巧克力时代 2 因为这是我的血脉 19 我毕业了;还有另一个提议(1 / 2)

五月初的时候,纳蒂正在为期末考试而复习功课,我以前的同学们正忙着穿上毕业服,而我参加了纽约州的GED考试。这场考试由坐落在西五十二街的纽约市教育局主办,念旧的我穿上了旧的圣三一校服。在一个没有窗子的考场里,我偷偷观察了其他考生的脸庞。他们看起来并不是那么愚蠢不堪或者饱受折磨,甚至还很年轻。所以我不禁想知道,他们生活中发生了什么样的变故才使他们来到了这间房间?他们犯了什么错,遇见了不应该遇见的人,还是在错误的时间,被错误的父母带到人世间?也许我是消极的。也许在一间没有窗户、只有着旧空调的教室结束高中生涯不是一件坏事。最起码,这些人从他们的歧路上重回正轨,并且走出了一条路。

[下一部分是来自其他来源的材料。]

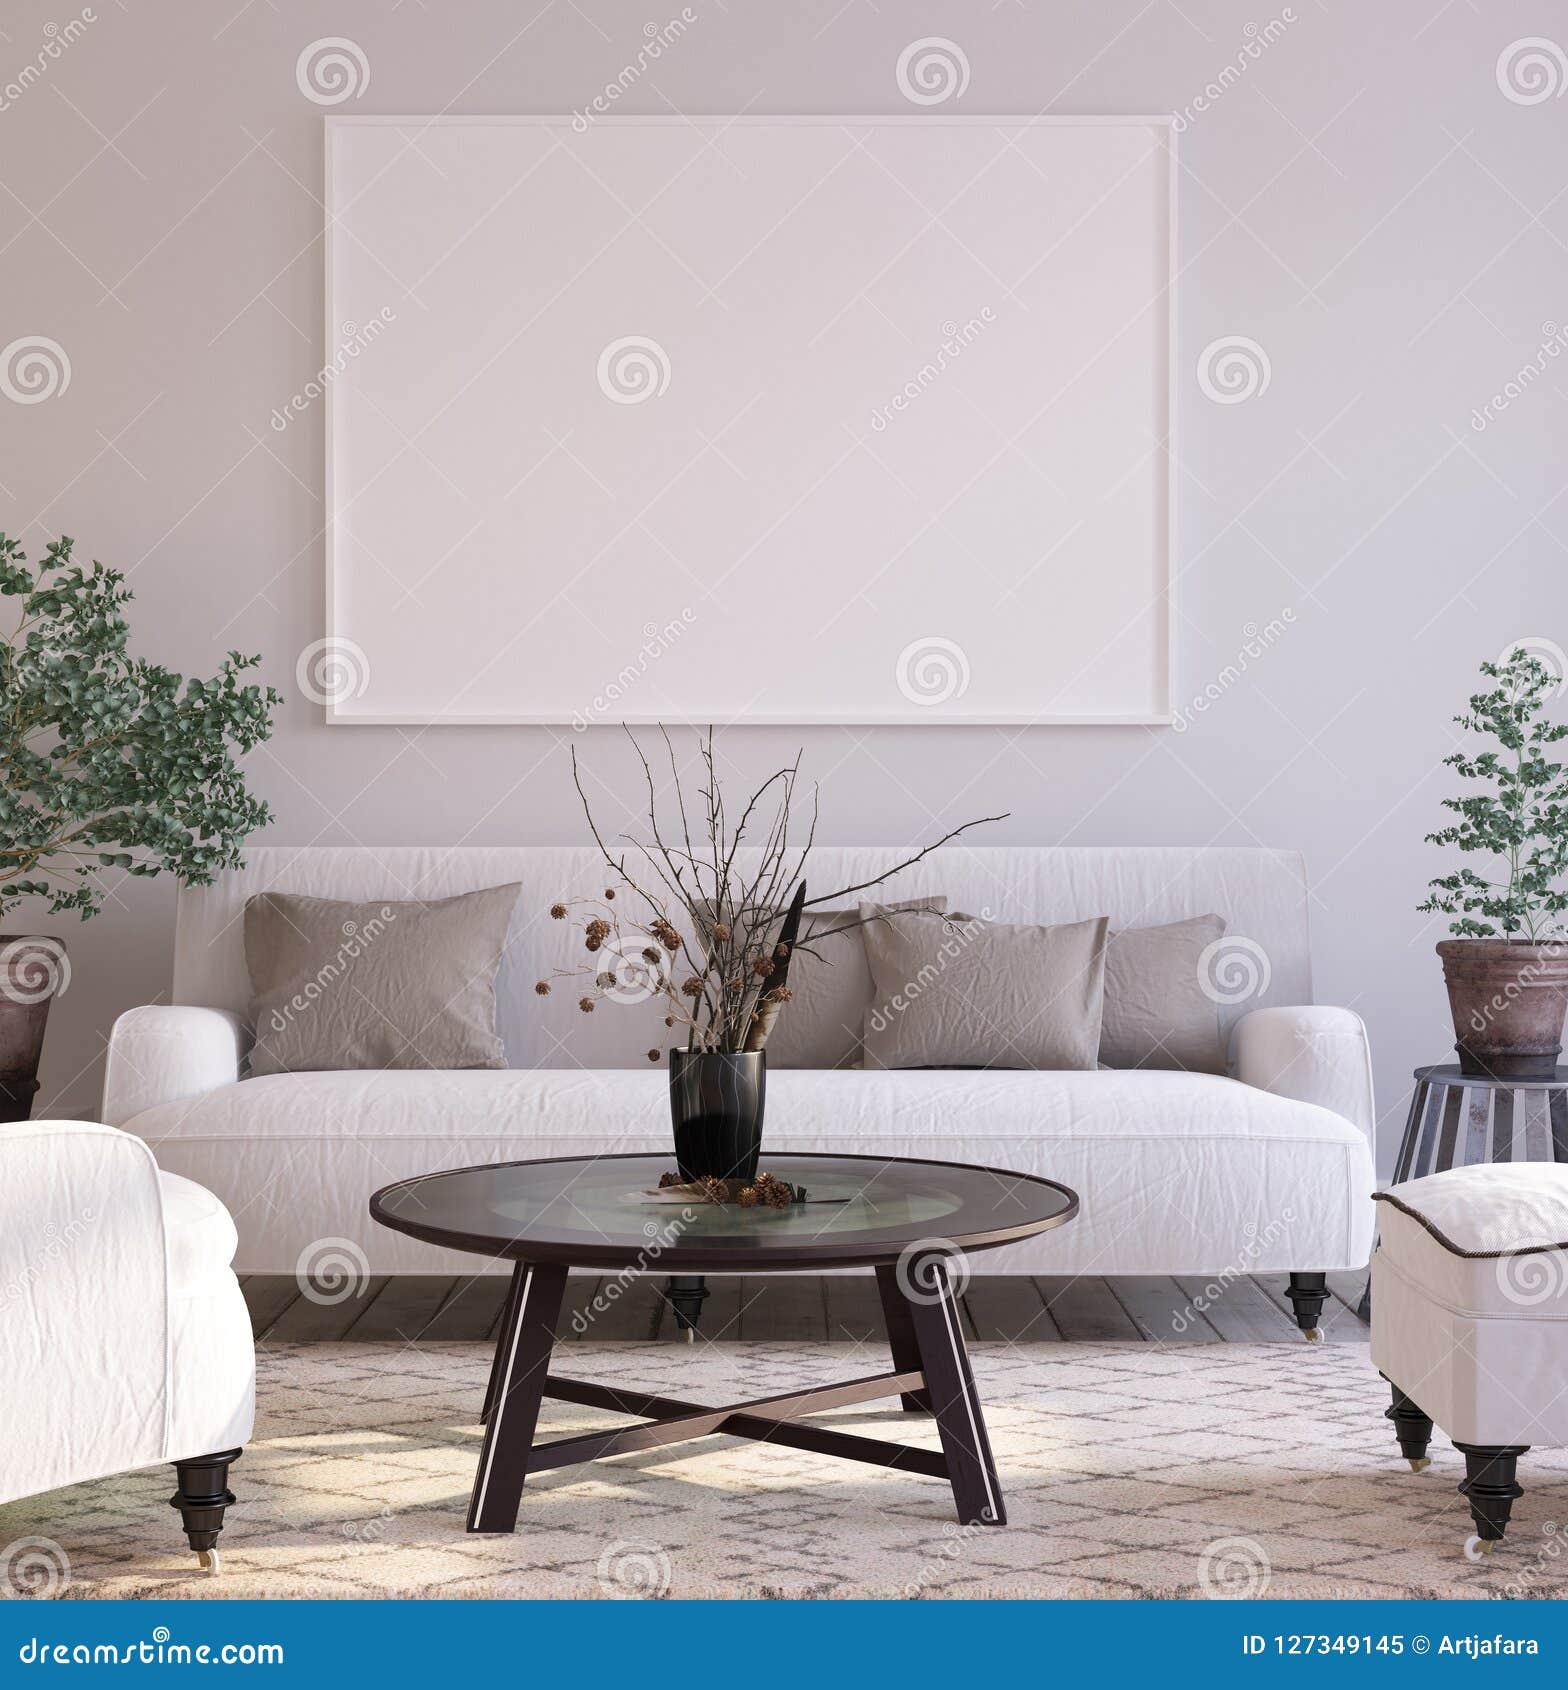 Fond d affiche de maquette dans le salon intérieur, style scandinave
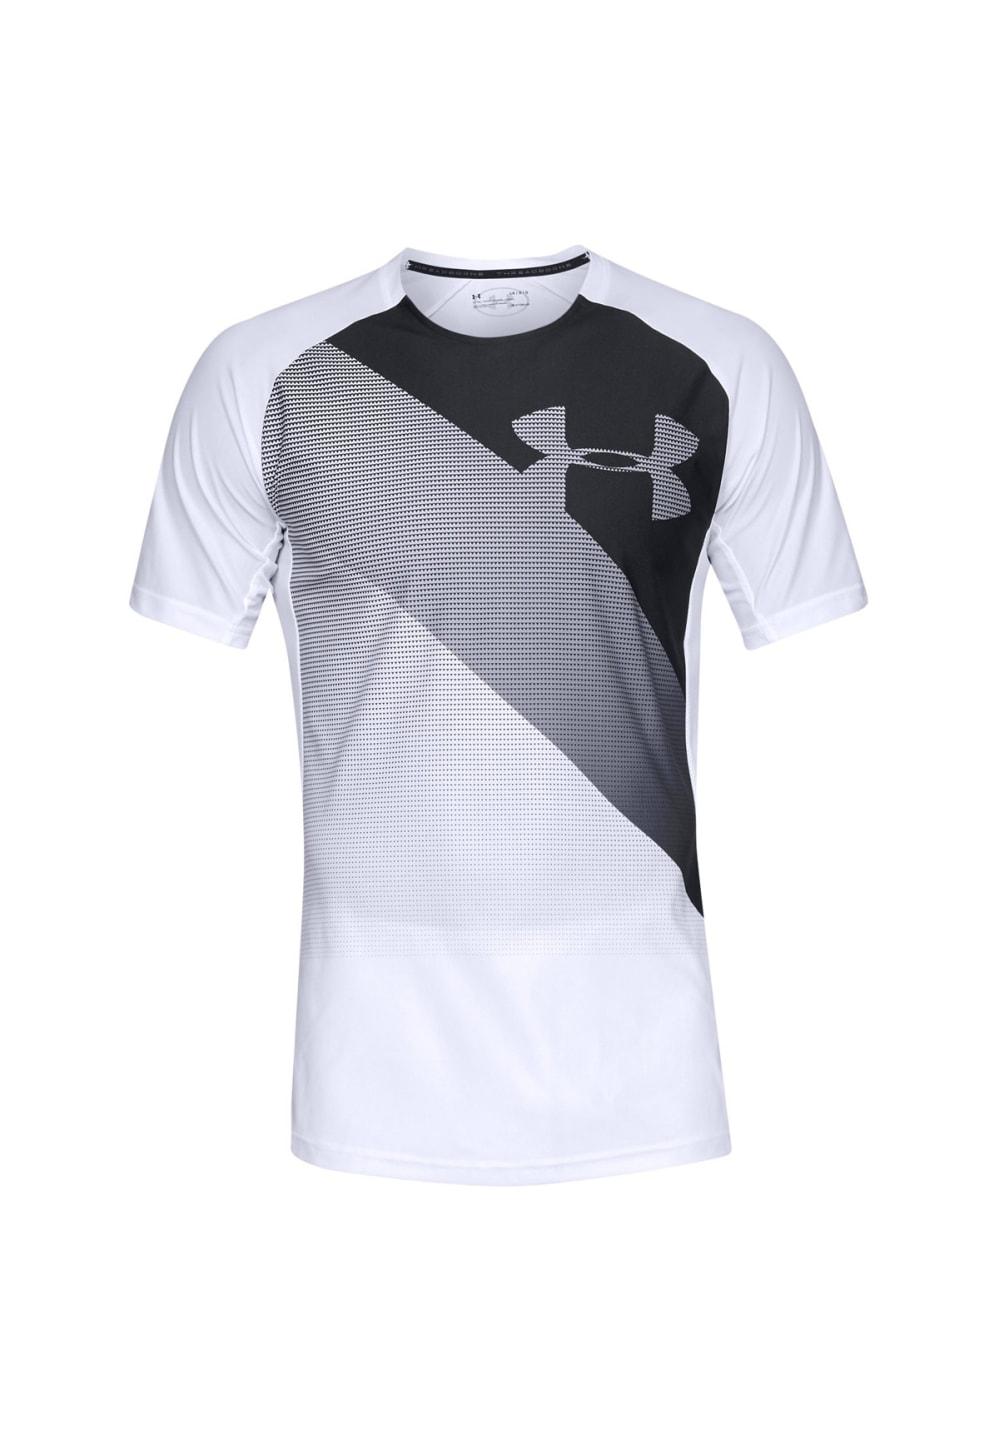 c17a02f968 Under Armour Threadborne Vanish Short Sleeve - Fitness tops for Men - White

吉卜林先生聘请了一名家庭教师,尽管我学习得马马虎虎,但是测试很简单。如果通过了测试,我就不用再花上三到四周时间苦读。如果一切顺利,对我来说,就意味着高中的结束。有点虎头蛇尾,不是吗?而且,在过去的一年里,我经历过很多次剧情的高潮部分,肯定比剧情中冲突和铺垫的部分还要多。这样的结尾我还能接受,至少结局中没有人被枪击。(如果你想知道的话,GED有一项关于文学术语的章节。)

家里来了一封新来的电子邮件。当我看见国家域名是墨西哥时,感到很惭愧。我至少对西奥的受伤负有部分责任,却没好意思打电话或写信给马克斯一家。一个品格优良的人无论如何都应该发送一些问候的话语。

亲爱的安雅:

你好。我希望你还没有忘记你最好的朋友西奥。我写信给你,是因为你不写信给我。为什么你一直不给我写信?你难道不知道你的好朋友西奥想你了吗?你难道一点也不关心他吗?

我想,你会想知道我现在情况如何,但或许你羞于启齿。好吧,你应该感到非常内疚,安雅,因为我一直病得很厉害。我差点死了。直到上周,我才被允许回到果园。我现在好多了。你可以想象我的姐姐和哥哥,还有我的祖母们是多么不安。

我们在这里得知索菲娅表姐策划了对我们的攻击。她一直是个奇怪的女人,因为各种各样的原因,她从来不是我们家族中的宠儿。我很愿意为你详细介绍这些原因。(你可以把它看作是一个邀请。)但是我今天给你写信,是因为祖母们觉得她们对你遭受的袭击负有责任。她们认为自己不够爱索菲娅。(她们确实认为世界上所有问题都可以归咎于缺乏爱。)为了弥补,她们让我给你卡萨·马克斯热巧克力的食谱。我为你翻译了它,但不是直译。我在会让你发笑的地方做了些润色(见附件)。祖母希望我提醒你,这是个非常古老有效的食谱,非常有益于身心。“西奥,拜托你,”她恳求道,“确保她明白不要让食谱落入坏人手中。”

安雅,当我们在一起时,我知道自己对于承担农场和工厂的责任颇多微词。我是多么渴望自由。但很奇怪,在生病的那几个月里,我唯一想要做的就是回到工厂和农场里去。所以,我差一点就死了也许是件好事。(这就是我。开个玩笑,我打赌,我还是你认识的最有趣的人。)

我希望你有一天会回到恰帕斯州。你现在对可可制作的流程已经熟练,但我仍然有很多可以教你的东西。

吻你,

西奥布罗玛·马克斯

我读了食谱,然后去了厨房。我们没有玫瑰花瓣或者红辣椒,但是星期六市场有,所以我决定乘坐公交车去联合广场采购配料。黛茜今早休息,纳蒂正忙于学业,所以我决定一个人去。玫瑰很容易弄到,但很难弄到辣椒。正准备放弃时,我发现了一个摊位有售。它的牌子上写着:药草、香料、酊剂以及调制品。我拉开条纹的门帘,走了进去。空气中弥漫着香味,木质的架子上摆满了一排排贴着手写标签的玻璃罐。

店主很快找到了一个装着红辣椒的小玻璃罐。“这是你要的吗,女孩?”老板问道,“我有很多好货,买二送一。”店主有一个玻璃眼球,穿着一件天鹅绒斗篷,拿着一根手杖,看起来很像一名巫师。玻璃眼球是材质非常好的那一种,唯一看得出它不是真眼珠的地方就是它不随着我在商店里行走而转动。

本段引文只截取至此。